An MIP Formulation for Joint Market-Clearing of Energy and Reserves Based on Ramp Scheduling

The day-ahead unit-commitment (UC)-based market-clearing (MC) is widely acknowledged to be the most economically efficient mechanism for scheduling resources in power systems. In conventional UC problems, power schedules are used to represent the staircase energy schedule. However, the realizability of this schedule cannot be guaranteed due to the violation of ramping limits, and hence conventional UC formulations do not manage the flexibility of generating units efficiently. This paper provides a UC-based MC formulation, drawing a clear distinction between power and energy. Demand and generation are modeled as hourly piecewise-linear functions representing their instantaneous power trajectories. The schedule of generating unit output is no longer a staircase function, but a smoother function that respects all ramp constraints.

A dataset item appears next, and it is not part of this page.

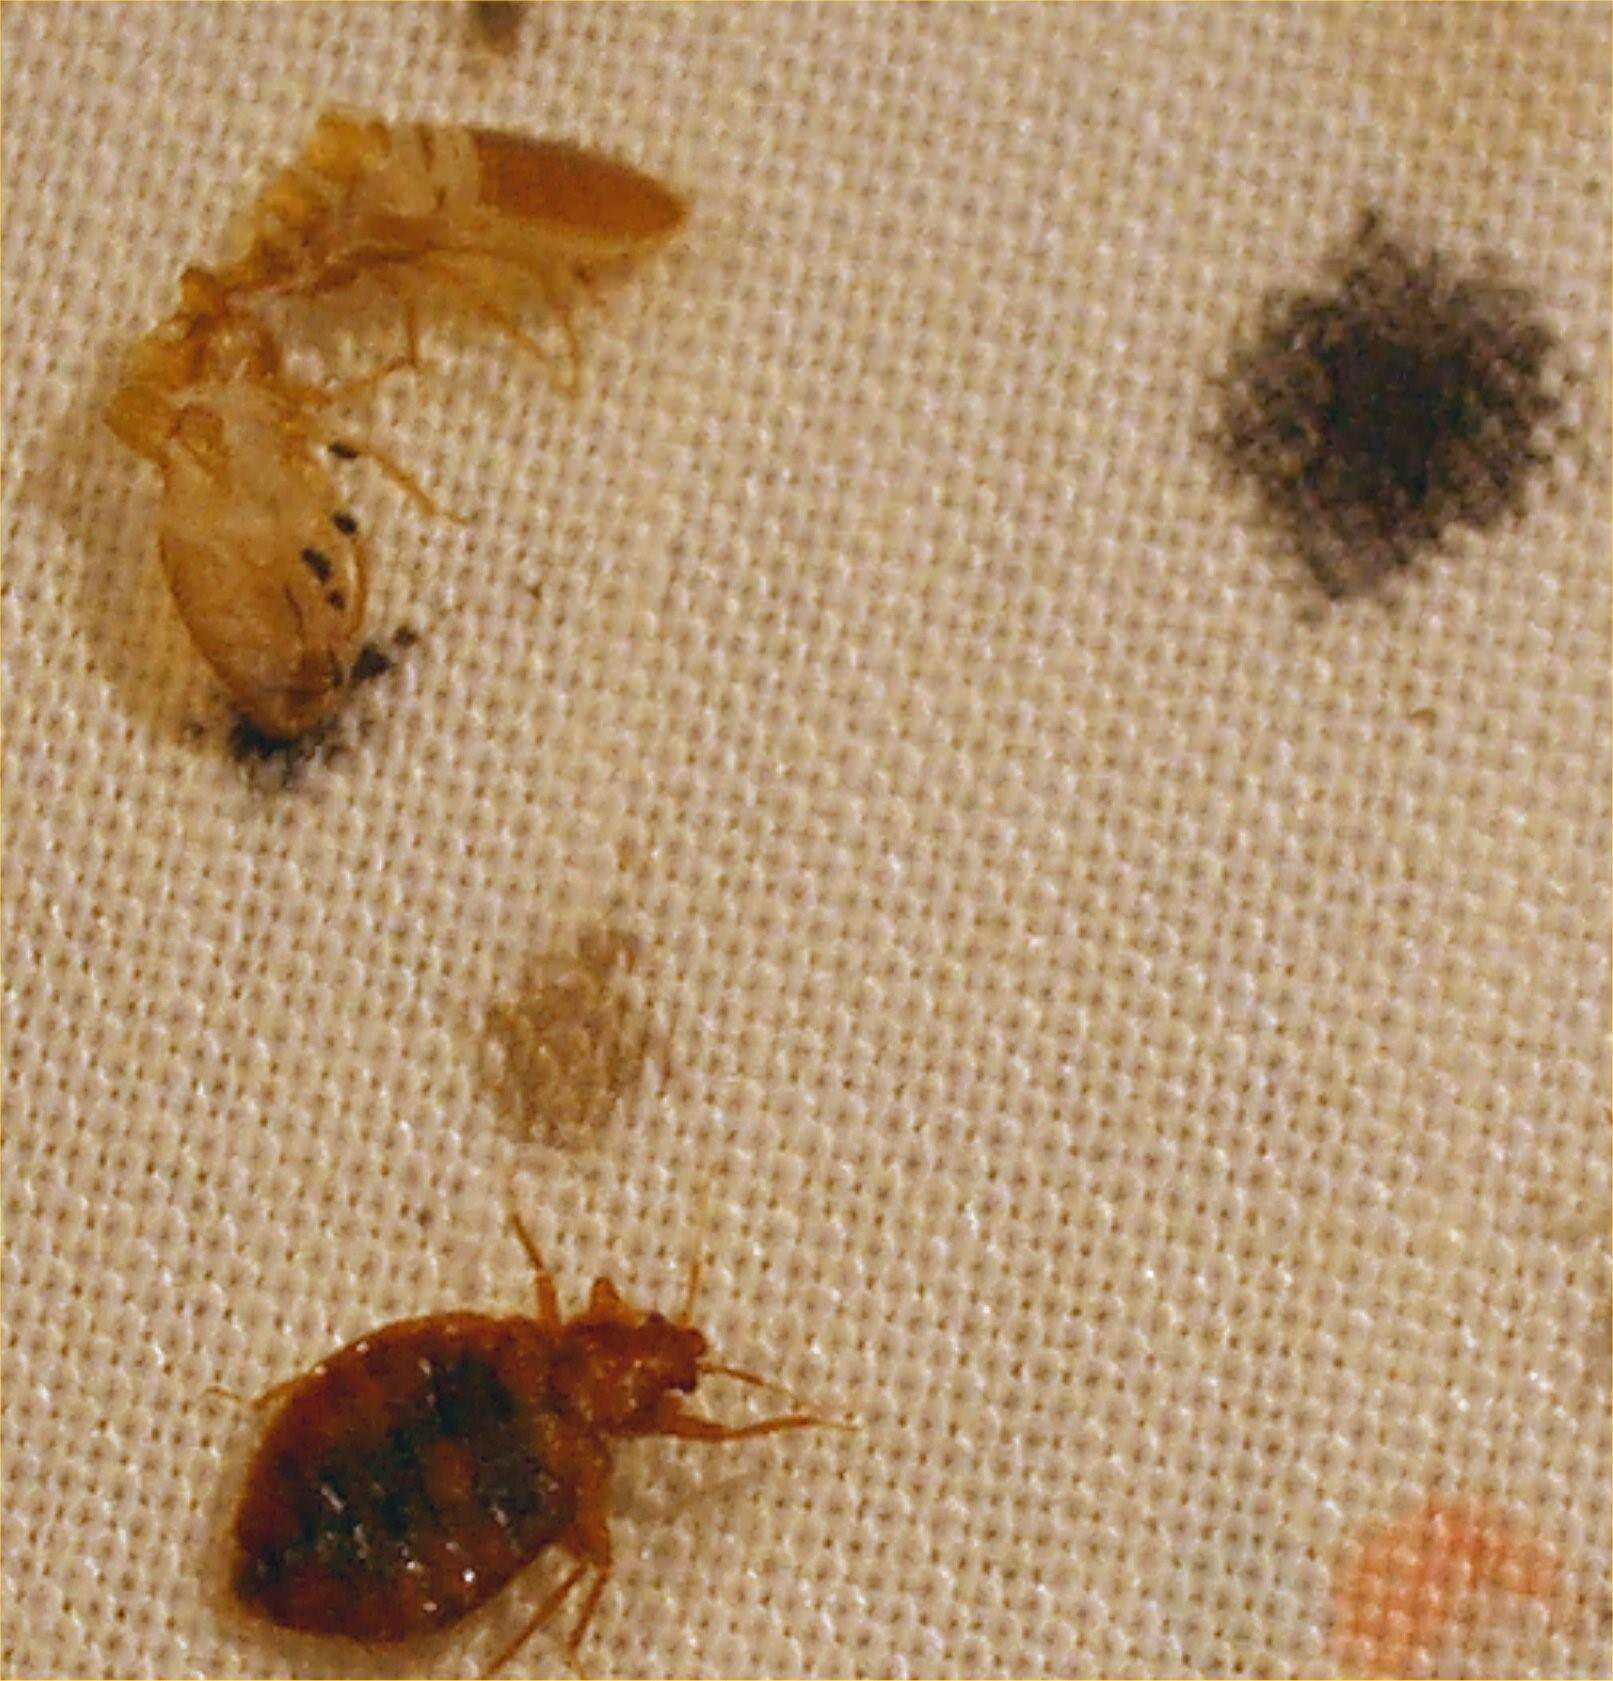 насекомые живущие в кровати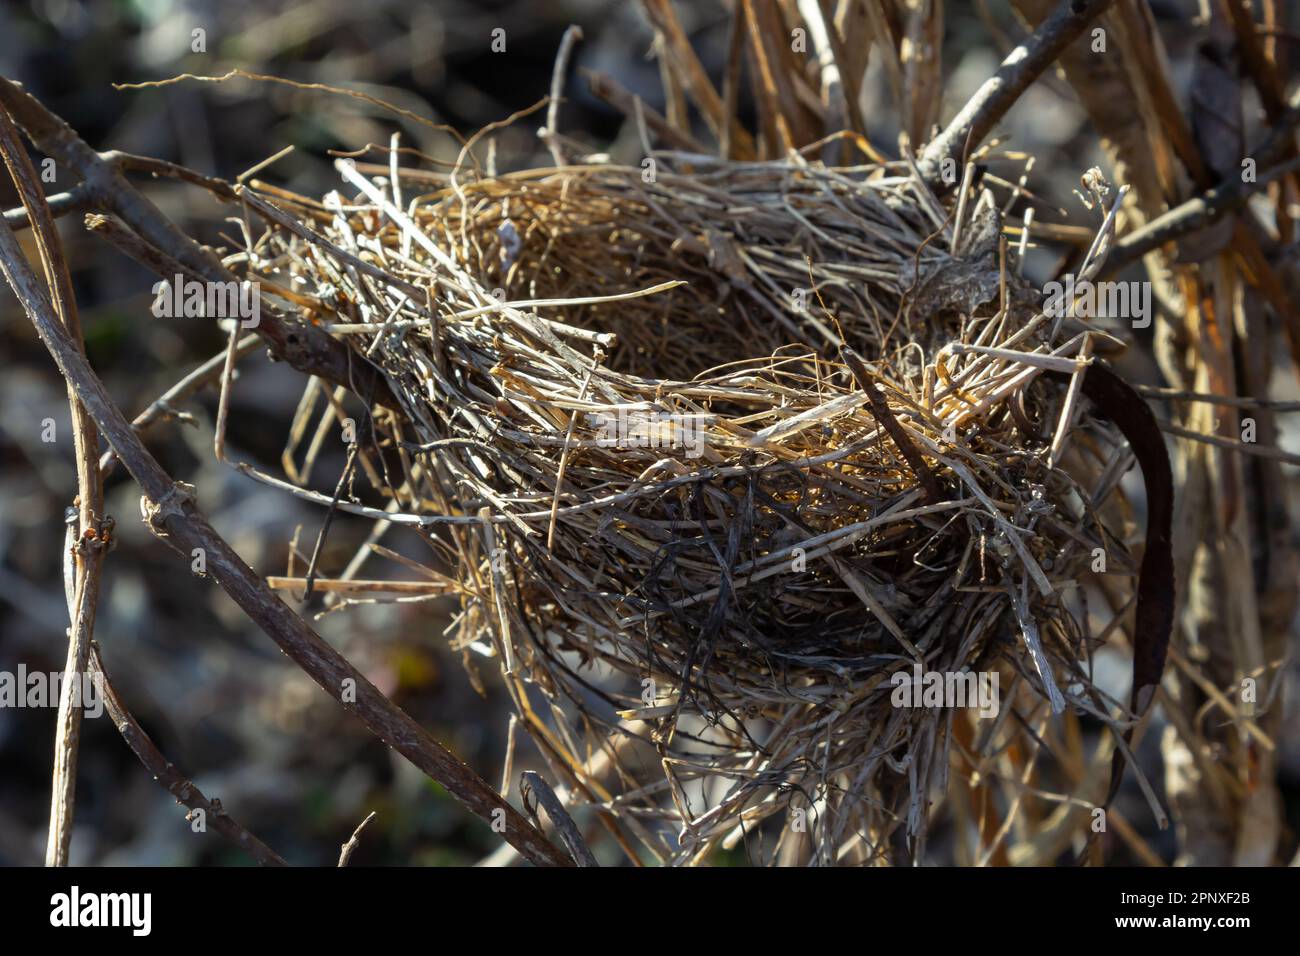 Nido di uccello vuoto. Foresta primaverile, nel cespuglio c'è un nido abbandonato di un uccello, che può tornare a deporre uova e allevare prole. Foto Stock

The formulation represents in detail the operating reserves (online and offline), their time deployment limits (e.g., 15 min), their potential substitution, and their limits according to the actual ramp schedule. Startup and shutdown power trajectories are also modeled, and thus a more efficient energy and reserves schedule is obtained. The model is formulated as a mixed-integer programming (MIP) problem, and was tested with a 10-unit and 100-unit system in which its computational performance was compared with a traditional UC formulation.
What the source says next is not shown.